SOURCE DATA:
####
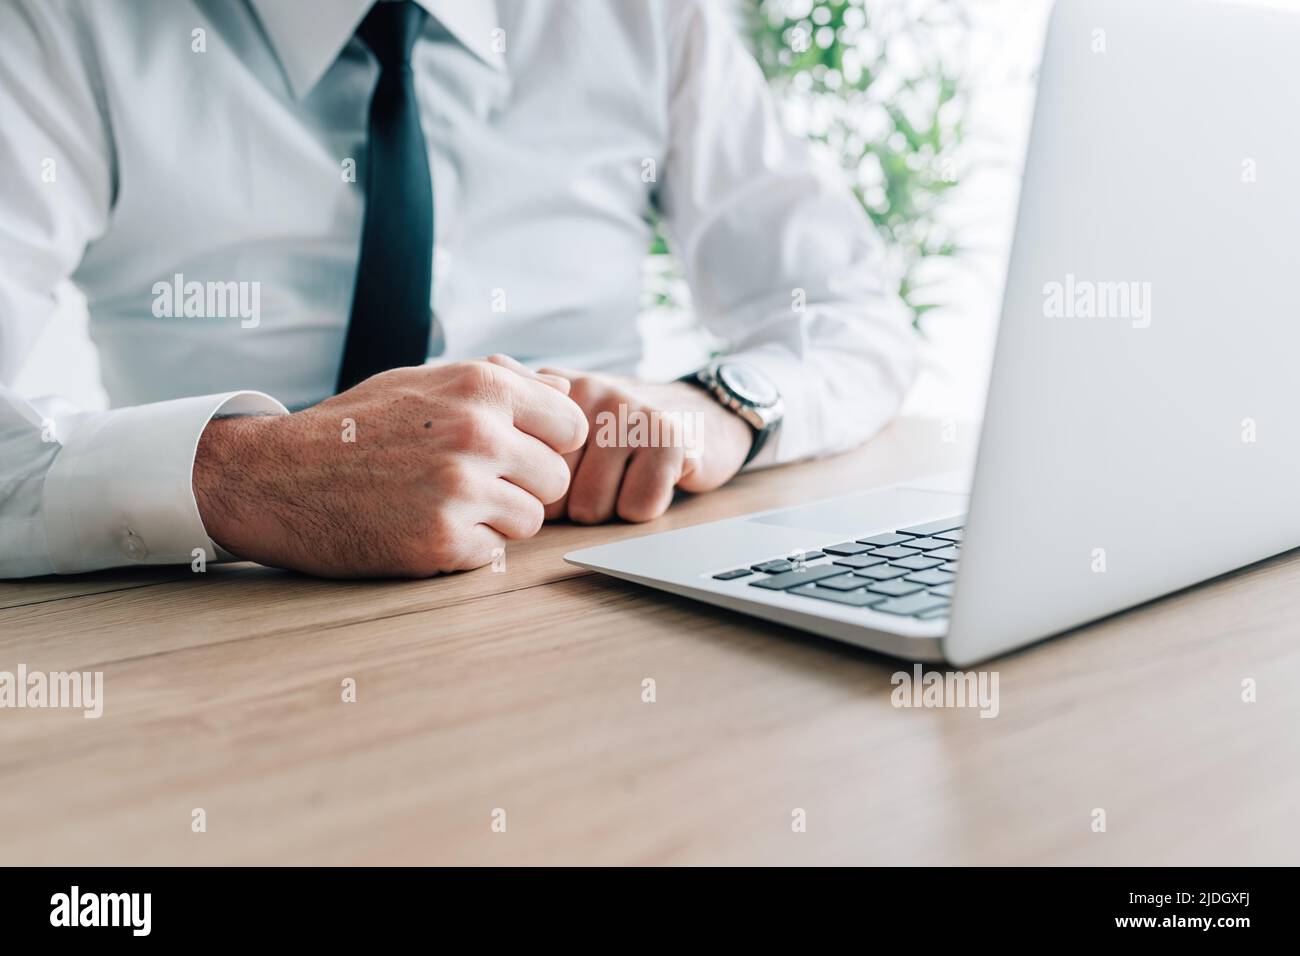 Un homme d'affaires claque les poings devant un ordinateur portable au bureau, une attention sélective Banque D'Images
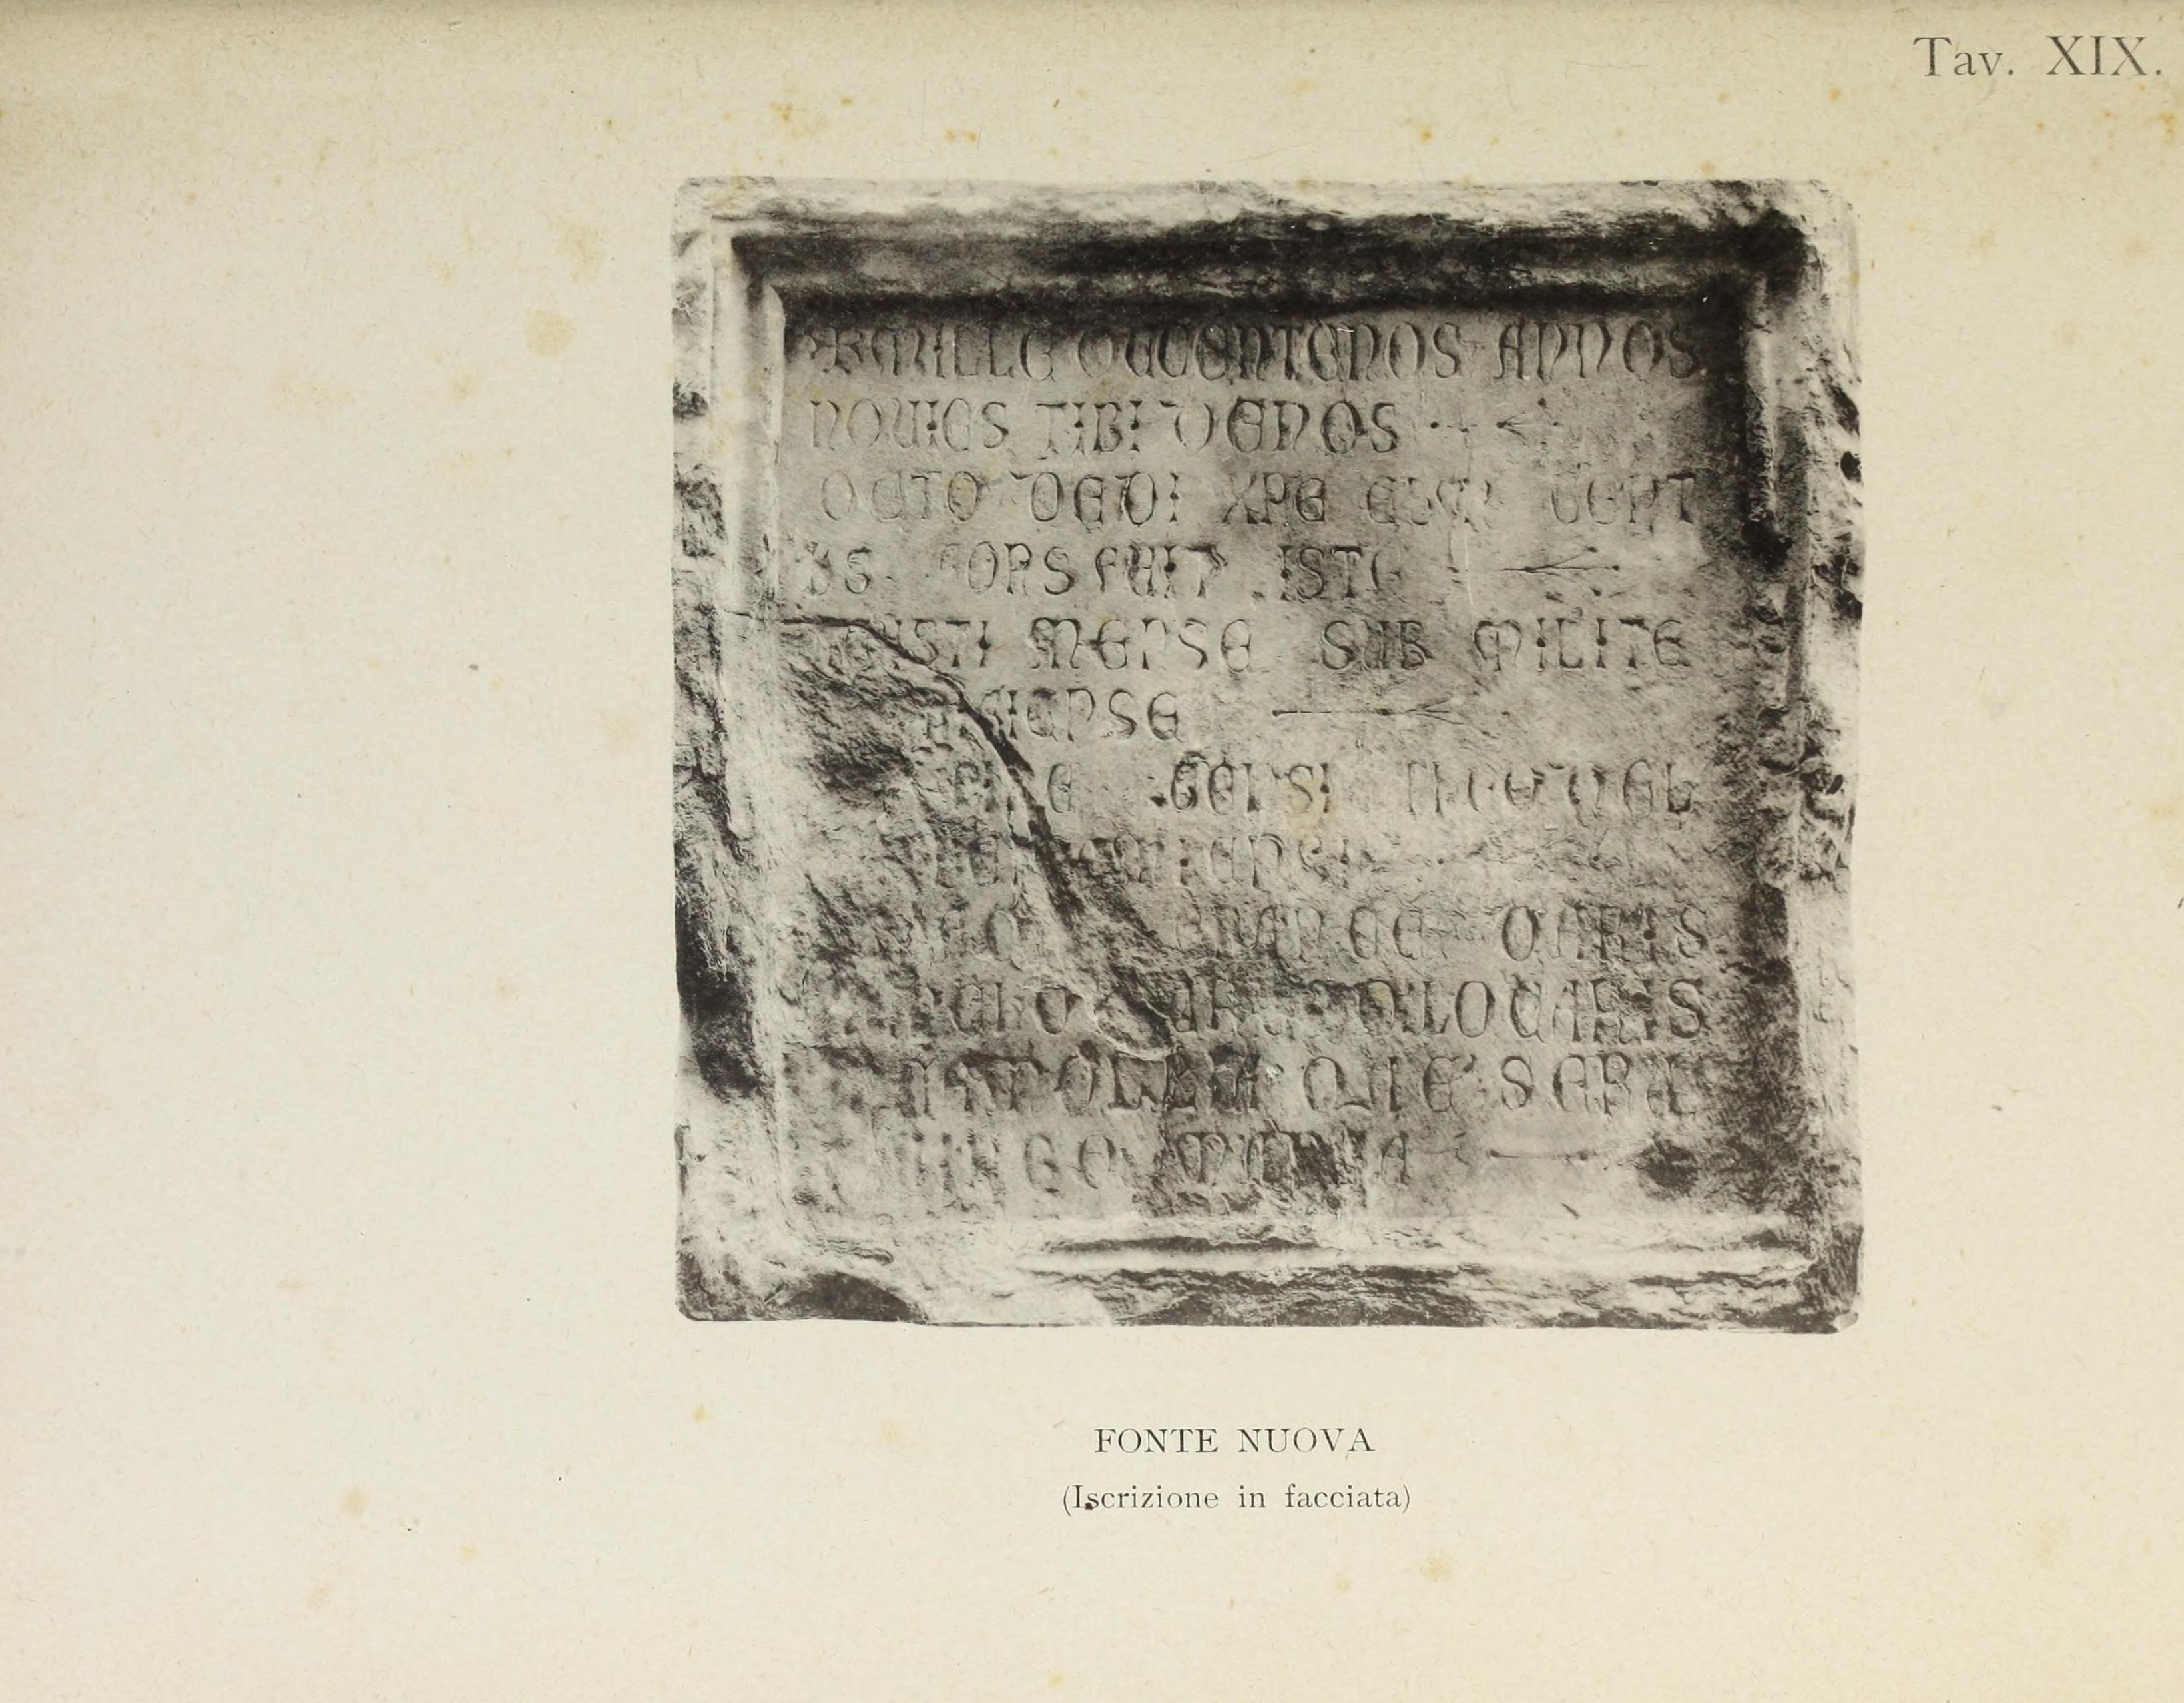 Le fonti di Siena e i loro aquedotti, note storiche dalle origini fino al MDLV (1906) (14590648140).jpg
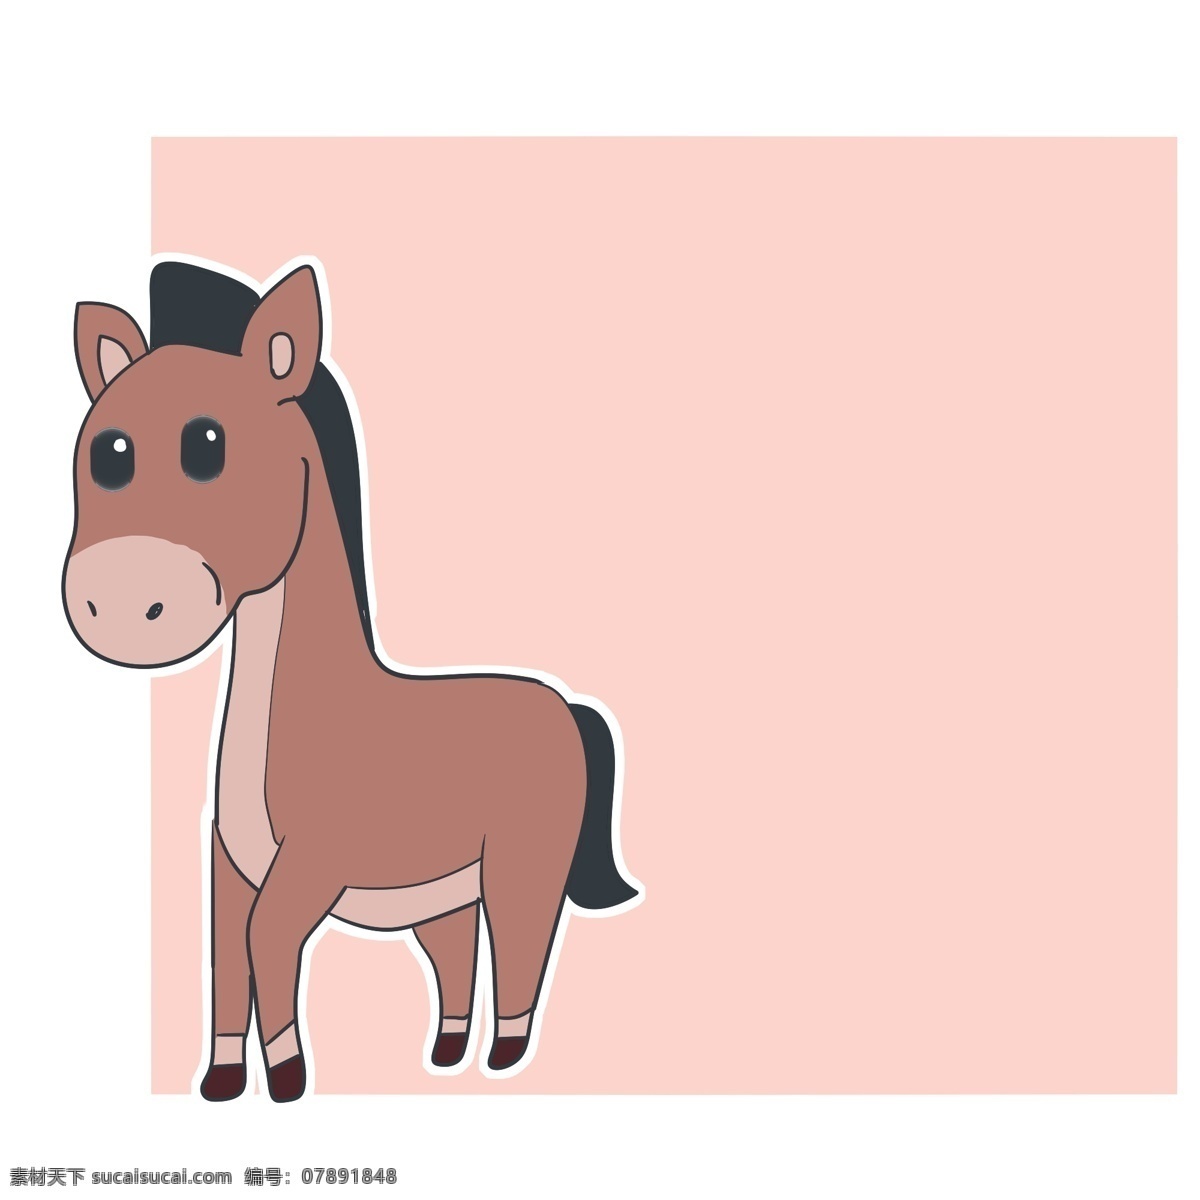 卡通 小马 动物 边框 粉色方形边框 可爱边框 卡通动物边框 卡通小马动物 小马装饰边框 可爱插画
####
THE PROBLEM:
Pictures are to be left out, and each line from the one that contains "Le fonti di" through the end of the listing is to be copied exactly.

WRITTEN RESPONSE:
 Le fonti di Siena e i loro aquedotti, note storiche dalle origini fino al MDLV (1906) (14590648140).jpg
 卡通 小马 动物 边框 粉色方形边框 可爱边框 卡通动物边框 卡通小马动物 小马装饰边框 可爱插画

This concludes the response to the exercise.